Saturday, July 21, 2007

The one where I hate this feeling I'm feeling

Here's a post where I'm trying to express what I'm feeling inside. Maybe to try to let out what is going on in my mind. As of late I do look a little lost. I'm not sure how this post will turn out, but just see where all the typing takes me. To sum it up in song, listen to James Morrison's The Pieces Don't Fit Anymore.
I'm the type of person who keeps everything inside regardless how I feel. I know its not good and probably be the death or currently downfall of me. For one, I keep my true feelings for someone inside. I care a lot for this particular someone but it seems we enjoy hanging with each other I fear we fallen into the 'friends zone'.
So why don't I just tell her how I feel. Well for one I don't want to spoil it all by saying something stupid like "I love you". And two, because the last time I did that it didn't turn out well. But that was probably ill-advised and wasn't really in my league.

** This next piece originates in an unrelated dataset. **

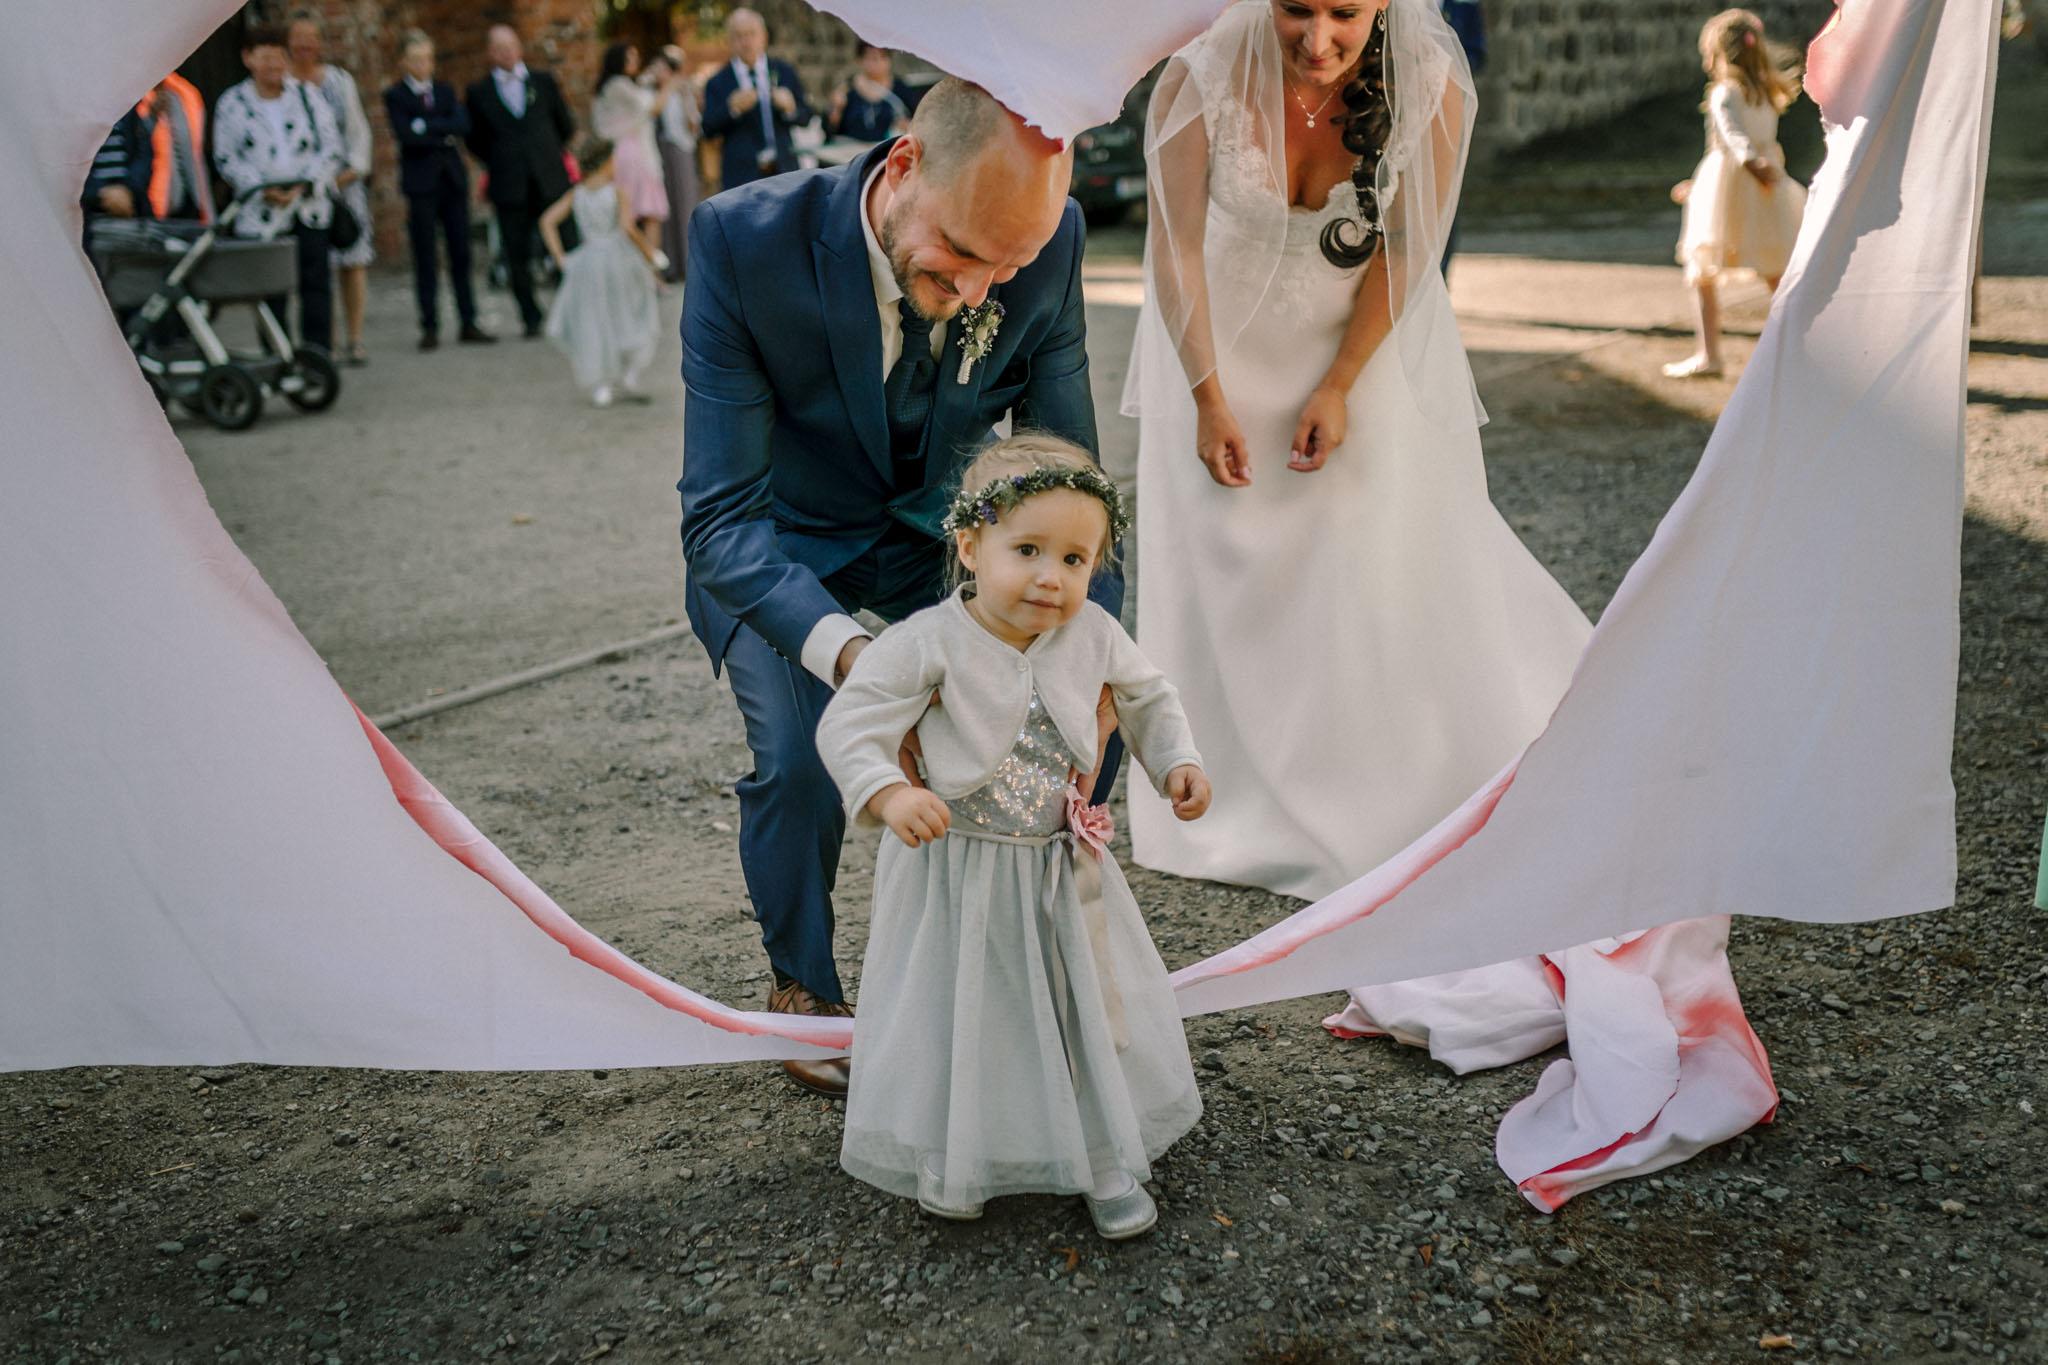 Hochzeitsfieber by Photo-Schomburg, Hochzeitsfotograf, Hamburg,Hochzeitstag, Hochzeitspaar, Braut, Bräutigam, Literaturhauscafe Zarrentin-63

If I was enjoying hanging with her, why do i feel like this. Earlier this week I suddenly felt what I felt was not there. Have I fallen out of whatever you call it. The timing sucks too. It happen on the week of her birthday. Her birthday just passed and I didn't get or done anything yet. Originally had something special planned, but deemed too much and probably would freak her out anyway. So had to change plans and for once I didn't have a back-up plan. I have been trying to look for a present but just couldn't think of anything sincerely. Totally my bad.
This 'falling-out-of' or 'drifting-away' phase is something I really hate going through. As now I just want to be alone. Stay in the solitary confinement of the four walls of my room, either playing games or surfing.
Why do I feel as such. Maybe reality hit me. Maybe it wasn't going anywhere long term. Maybe it hit me that she didn't feel the same way. Maybe we live different lives that I just wouldn't fit in. Maybe she is more happy where she is in her life. Maybe it will work. Maybe it will not work.
So in the end I bet you all are saying 'just tell her'. I would, but in my life, some things are better left unsaid.